When the nonmoving party has the burden of proof at trial, the moving party is not required to ‘support its motion with affidavits or other similar material negating the opponent's claim’ (cites omitted) in order to discharge this ‘initial responsibility’. Instead, the moving party simply may ‘show—that is, point out to the ... court—that there is an absence of evidence to support the nonmoving party's case, (cites omitted). Alternatively, the moving party may support its motion for summary judgment with affirmative evidence demonstrating that the nonmoving party will be unable to prove its case at trial.

Four Parcels of Real Prop. , 941 F.2d at 1437 (citing Celotex , 477 U.S. at 323–31, 106 S.Ct. at 2553–57 ).
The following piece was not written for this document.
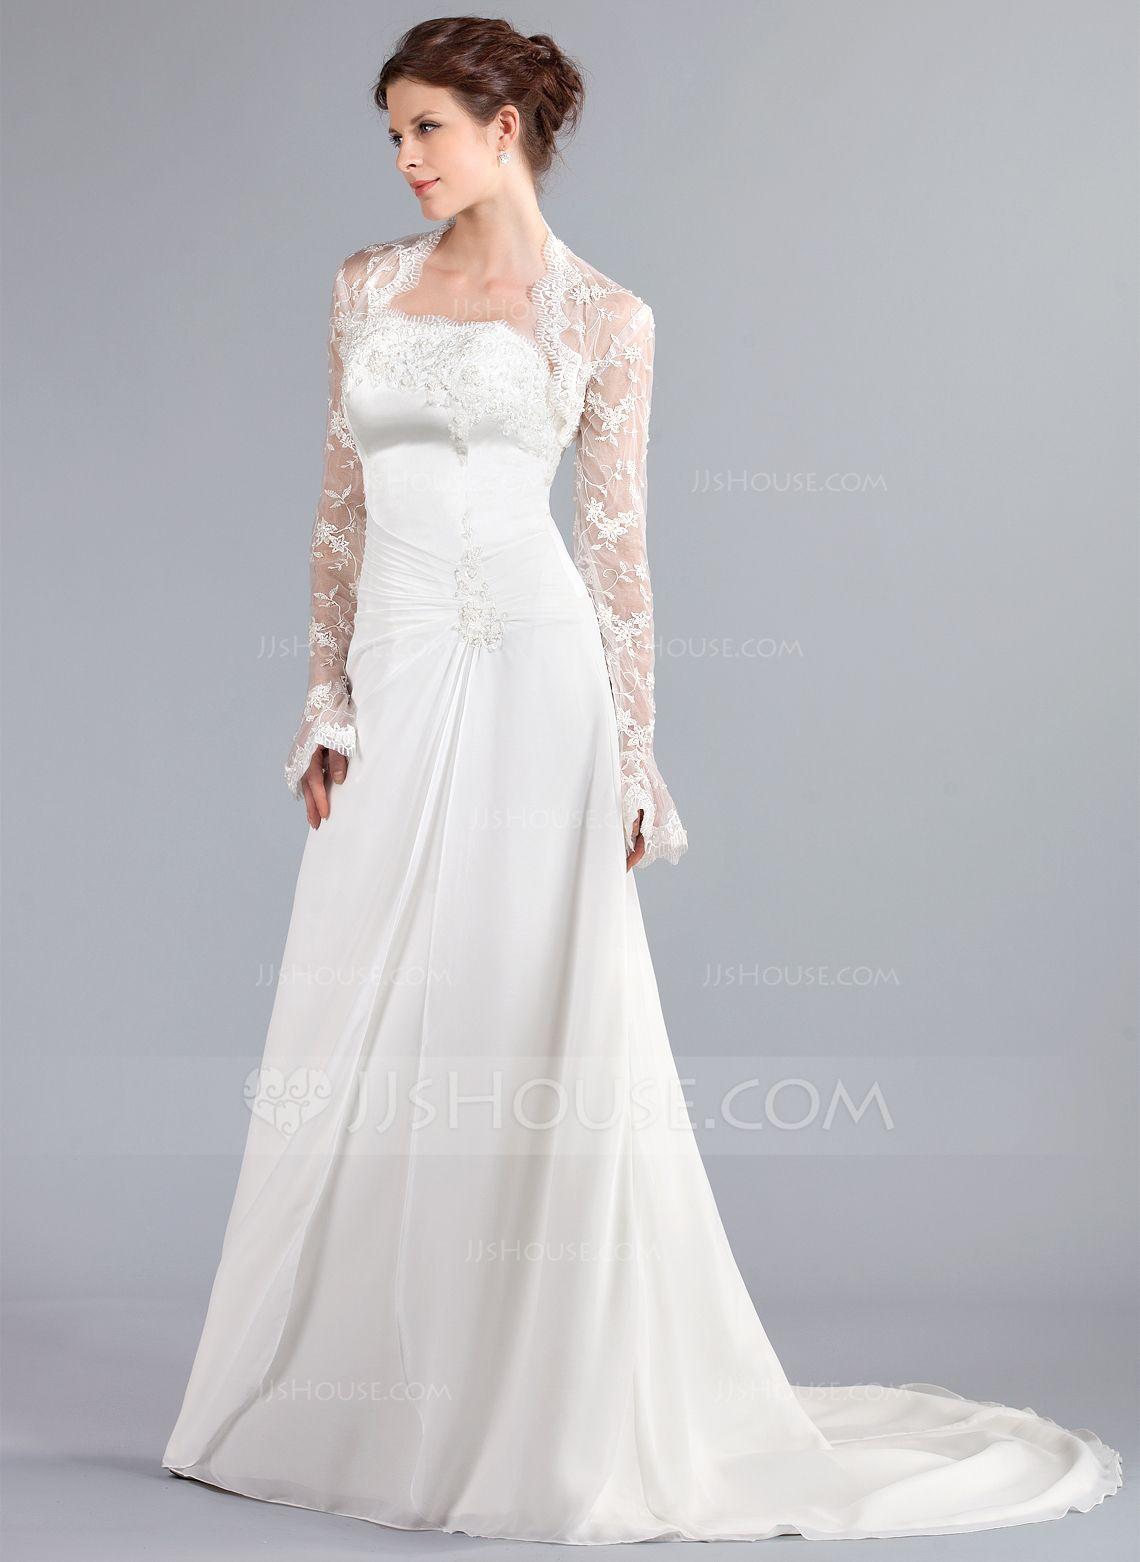 Wrap Wedding Lace Long Sleeve Wraps | Wedding Jackets | Pinterest ...

Once this burden is met, the nonmoving party cannot merely rely on allegations or denials in its own pleadings. Fed.R.Civ.P. 56(e). Rather, the nonmoving party must present specific facts that demonstrate there is a genuine dispute over material facts. Hairston , 9 F.3d at 918. When reviewing a motion for summary judgment, a court must examine the evidence in the light most favorable to the nonmoving party and all reasonable doubts and inferences should be resolved in favor of the nonmoving party. Id.

Turnover

An action for turnover related to a debt requires a showing that (a) the debt “is property of the estate” and (b) “is matured, payable on demand, or payable on order.” 11 U.S.C. § 542(b). As to the first prong, property is defined broadly to encompass “all legal or equitable interests of the debtor in property as of the commencement of the case.” 11 U.S.C. § 541 ; Howell v. Bank of Am., N.A. (In re Dorsey) , 497 B.R. 374, 383 (Bankr.N.D.Ga.2013). As to the second element, a debt that is “presently payable,” i.e., “where payment is not subject to any condition precedent” is matured, payable on demand, or payable on order. Miller v. Jannetta (In re Irwin) , 509 B.R. 808 (Bankr.E.D.Pa.2014). Courts in the Eleventh Circuit generally follow the majority rule that a debt must be undisputed to be subject to turnover. See, e.g. , In re Fontainebleau Las Vegas Holdings, LLC , 417 B.R. 651, 666 (S.D.Fla.2009) aff'd sub nom. Ave. CLO Fund Ltd. v. Bank of Am., NA , 709 F.3d 1072 (11th Cir.2013) (“The turnover provision of [the] Bankruptcy Code applies only to tangible property and money due to debtor without dispute which are fully matured and payable on demand.”) (emphasis in original).